Exercise details: Print the listing in its entirety and exactly, leaving out images.

Information supplied:

+ + + +

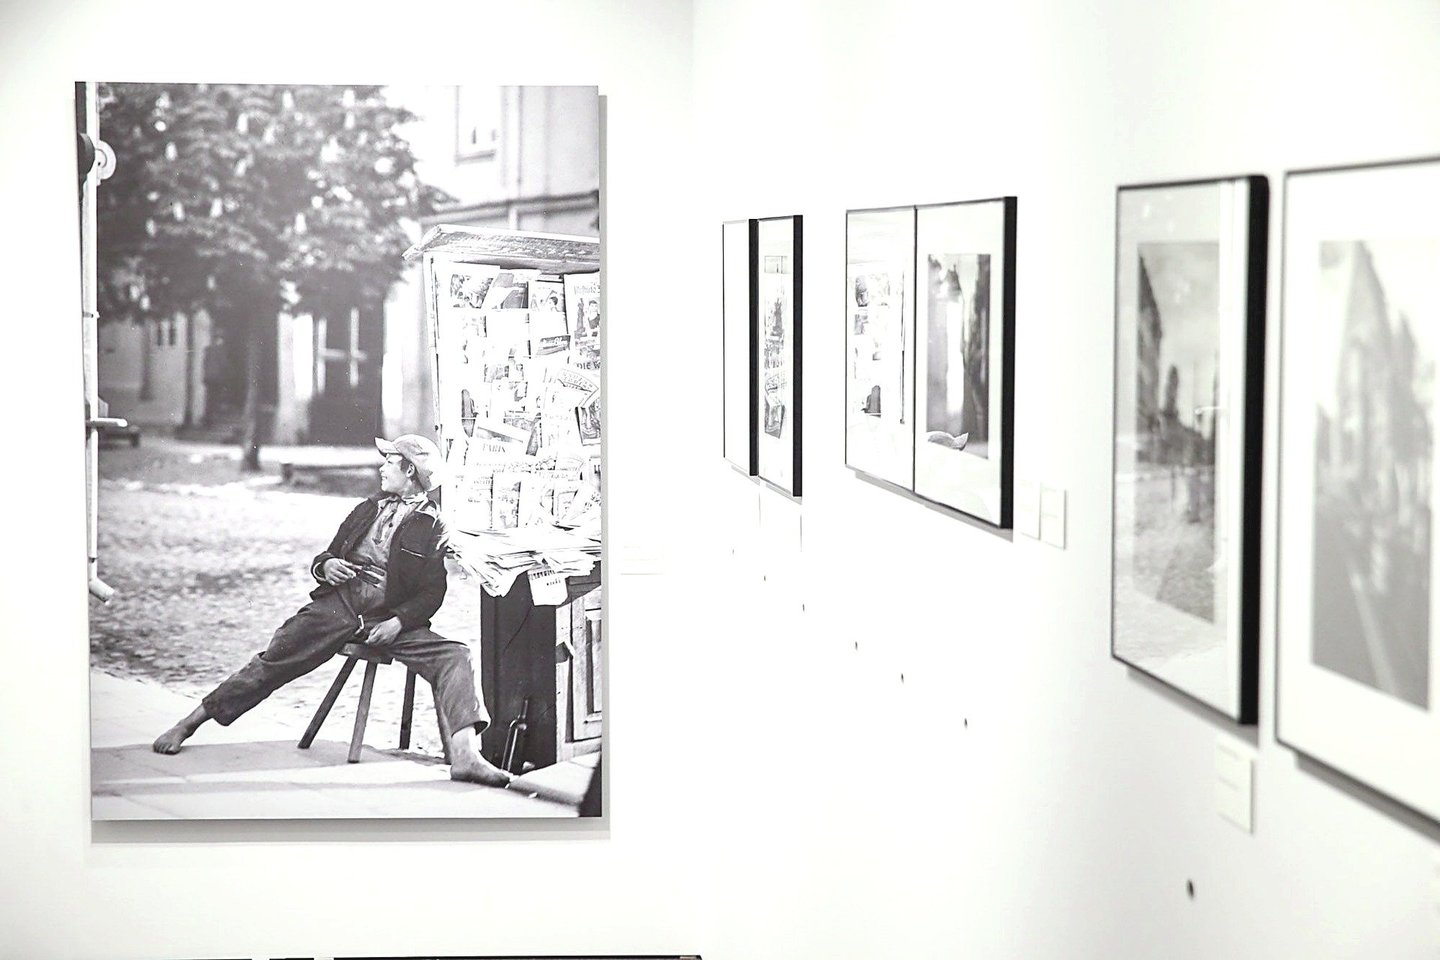 Istorijų namuose surengtoje savitoje parodoje – prieš šimtmetį užfiksuoti laikinosios sostinės vaizdai.<br>R.Danisevičiaus nuotr. 
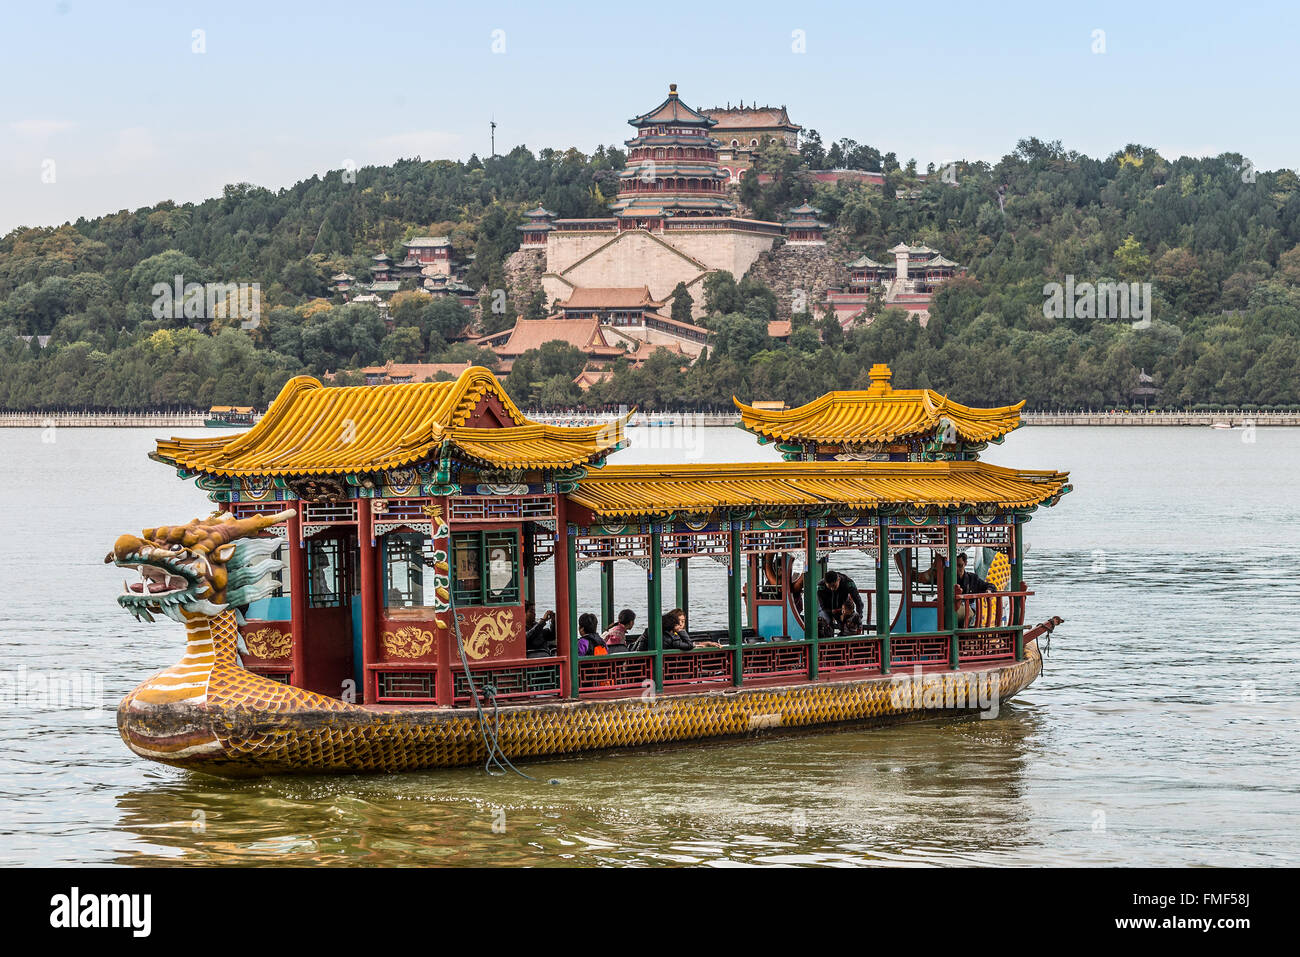 Les touristes sur un bateau dragon flottant sur le lac Kunming, Beijing, Chine. Palais d'été de l'arrière-plan. Banque D'Images
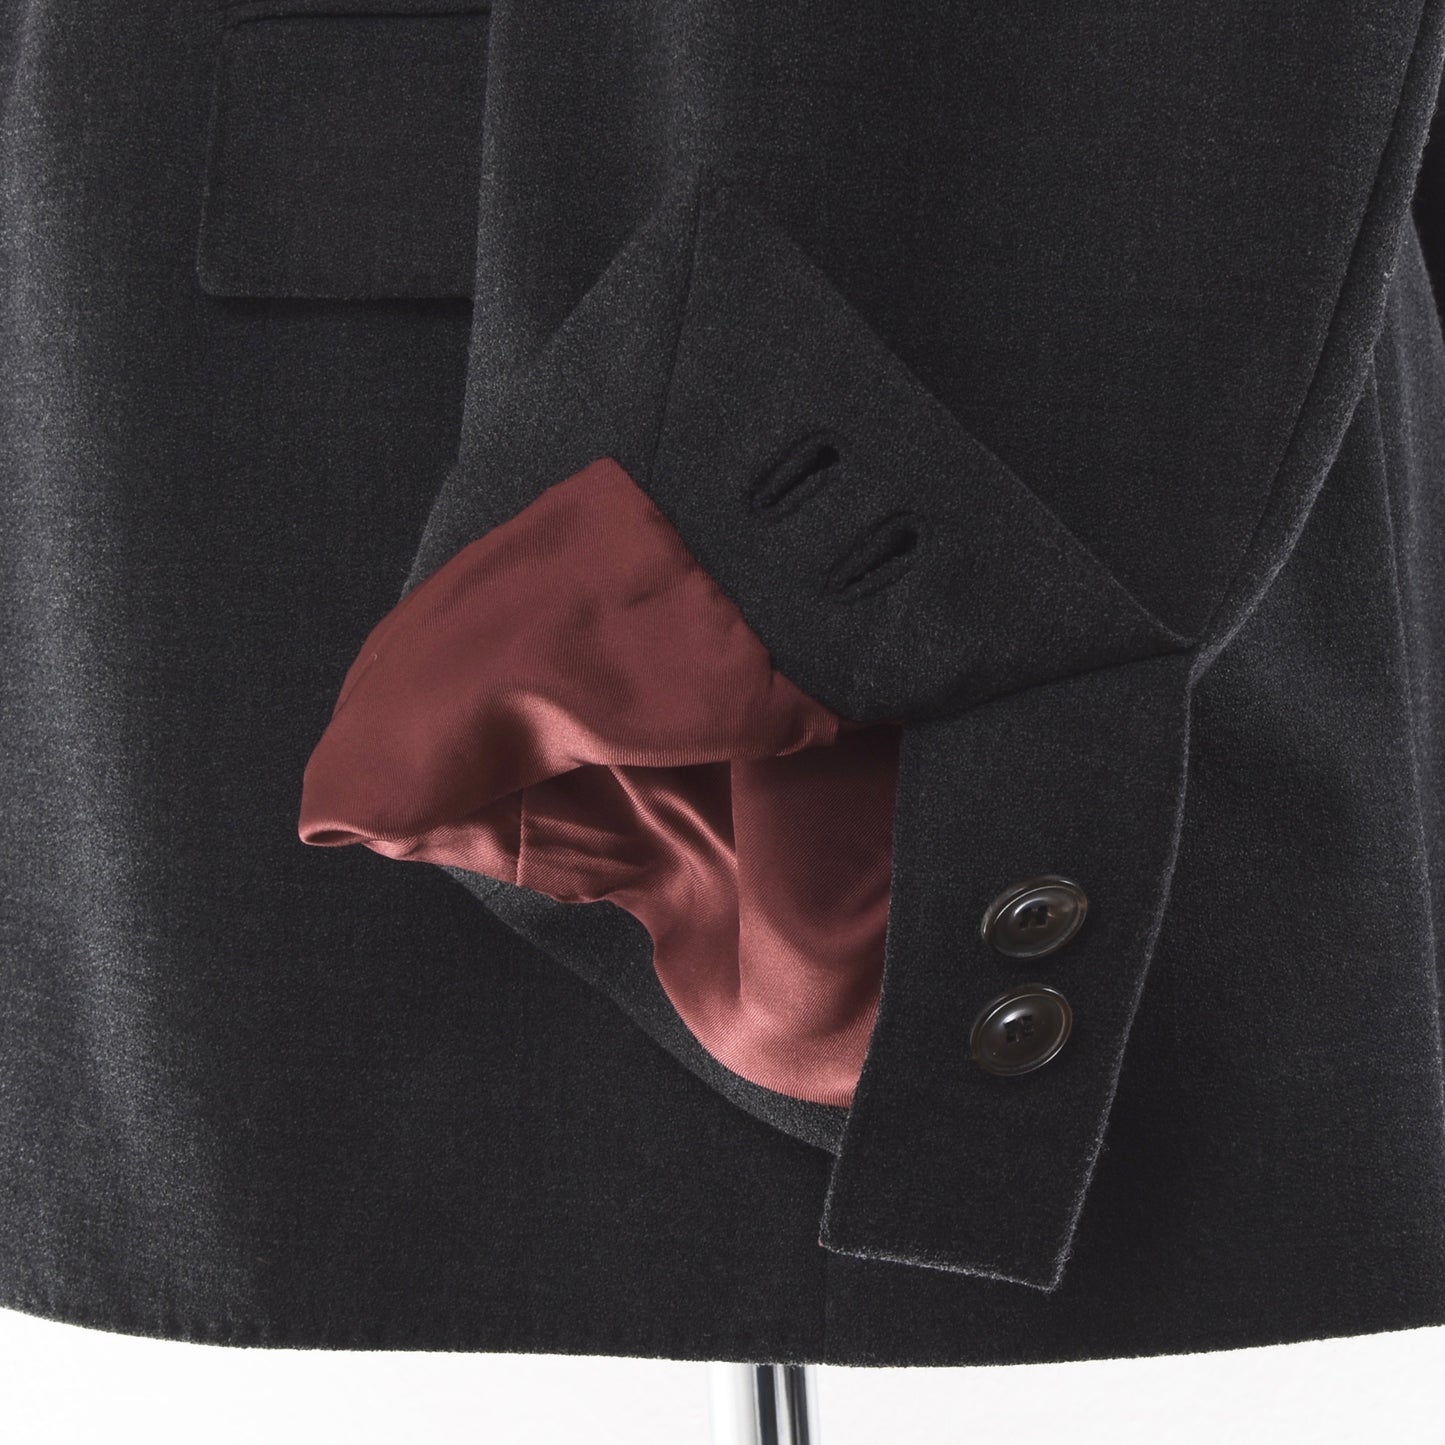 New Gössl Wool Janker/Jacket Size 52 - Grey
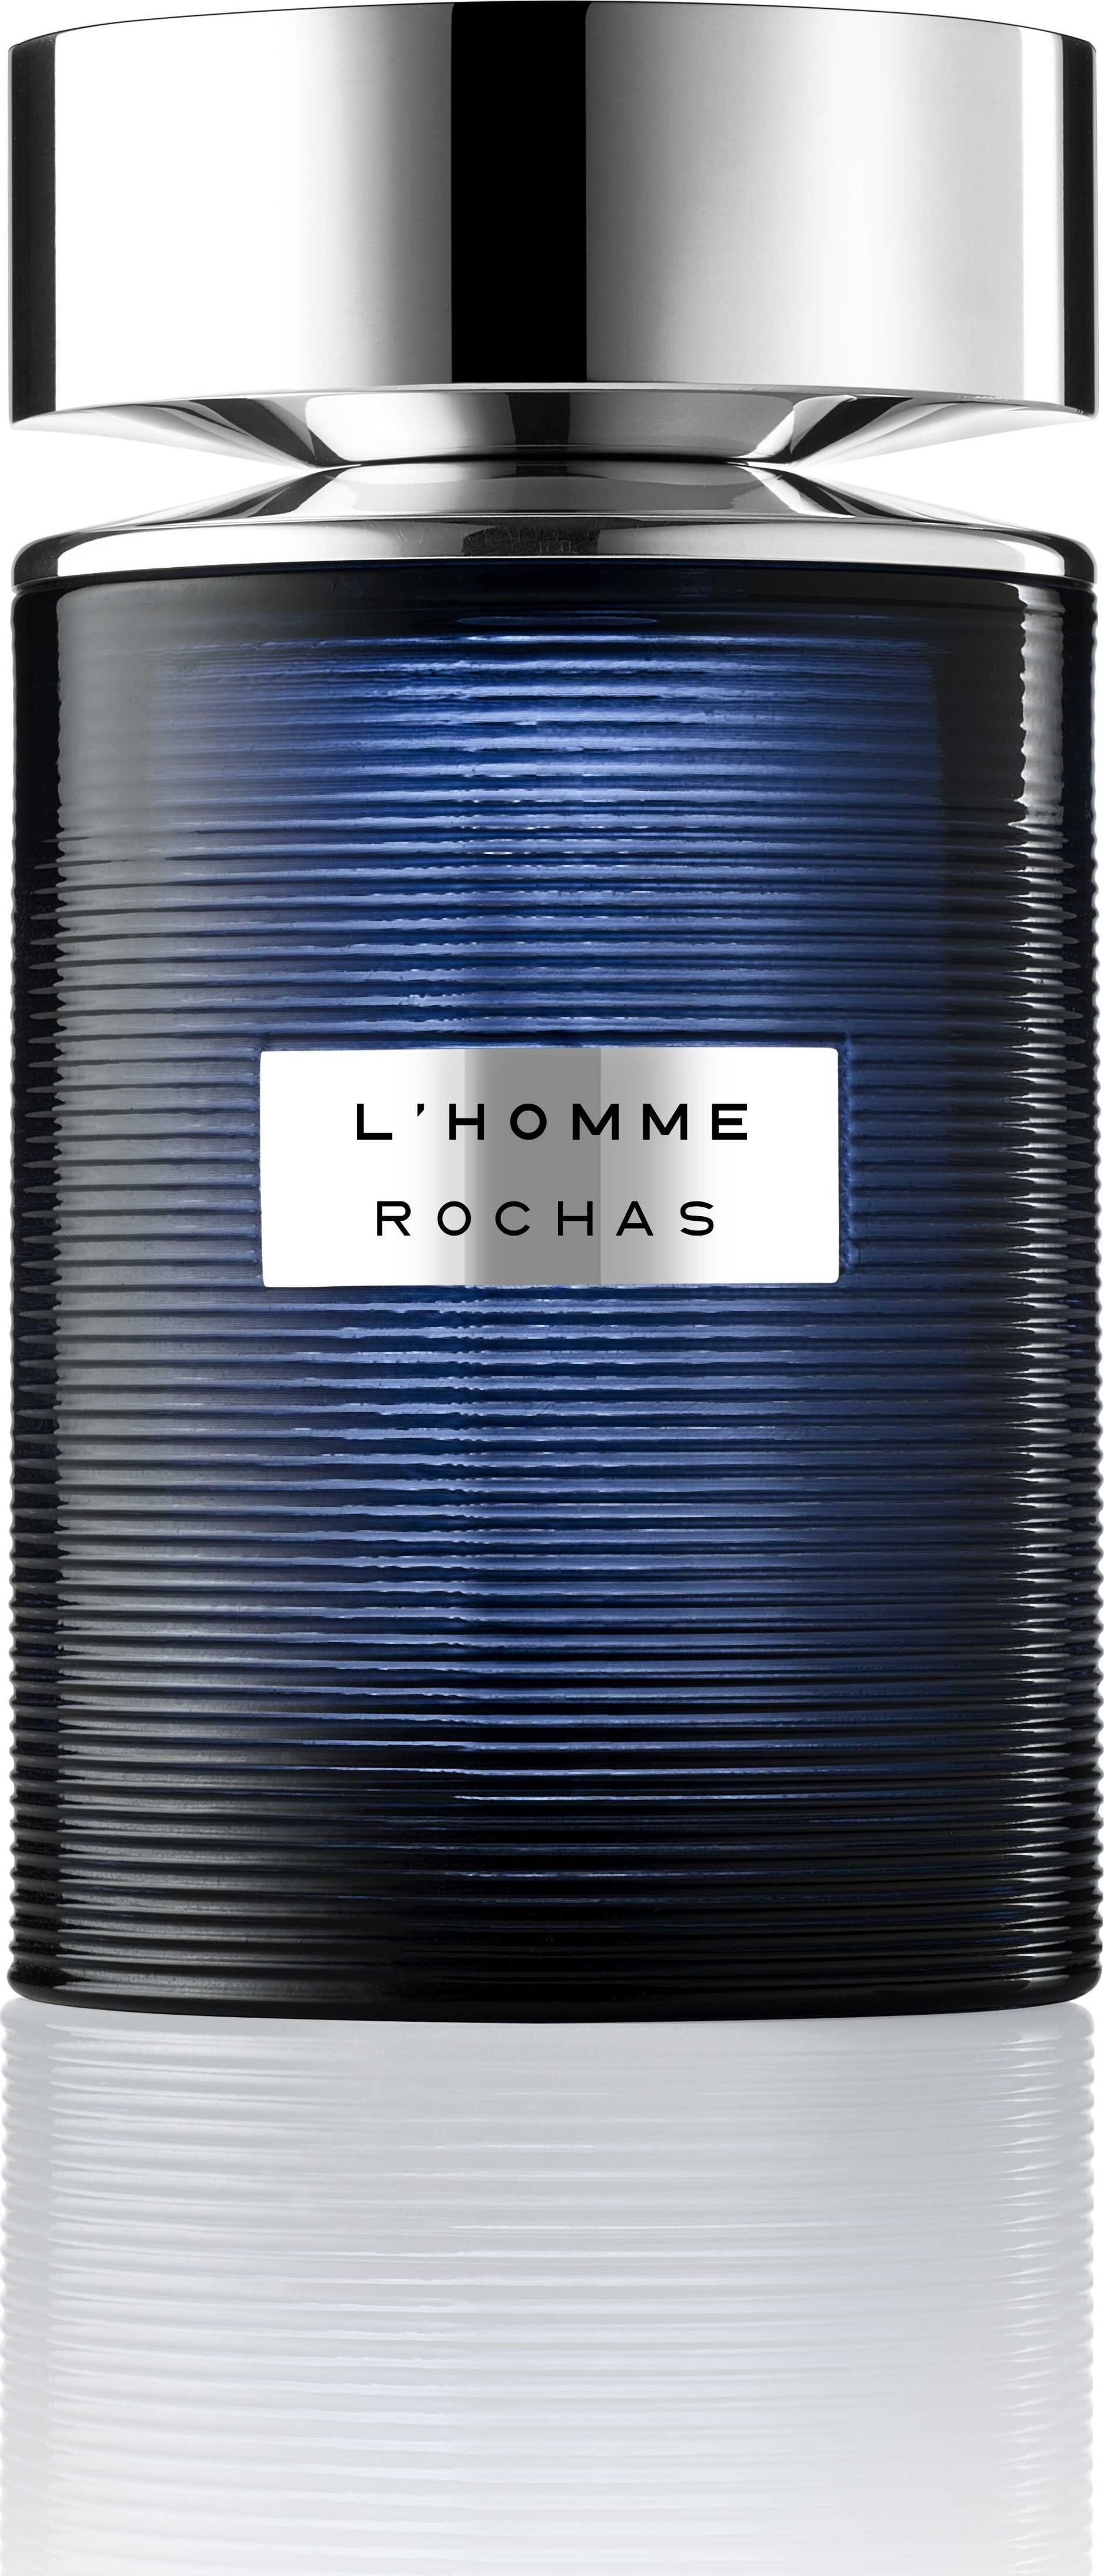 Rochas L&apos;Homme Rochas EDT 100 ml

+ + + +

Output of the task:
 Istorijų namuose surengtoje savitoje parodoje – prieš šimtmetį užfiksuoti laikinosios sostinės vaizdai.<br>R.Danisevičiaus nuotr. 
 Les touristes sur un bateau dragon flottant sur le lac Kunming, Beijing, Chine. Palais d'été de l'arrière-plan. Banque D'Images
 New Gössl Wool Janker/Jacket Size 52 - Grey
 Rochas L&apos;Homme Rochas EDT 100 ml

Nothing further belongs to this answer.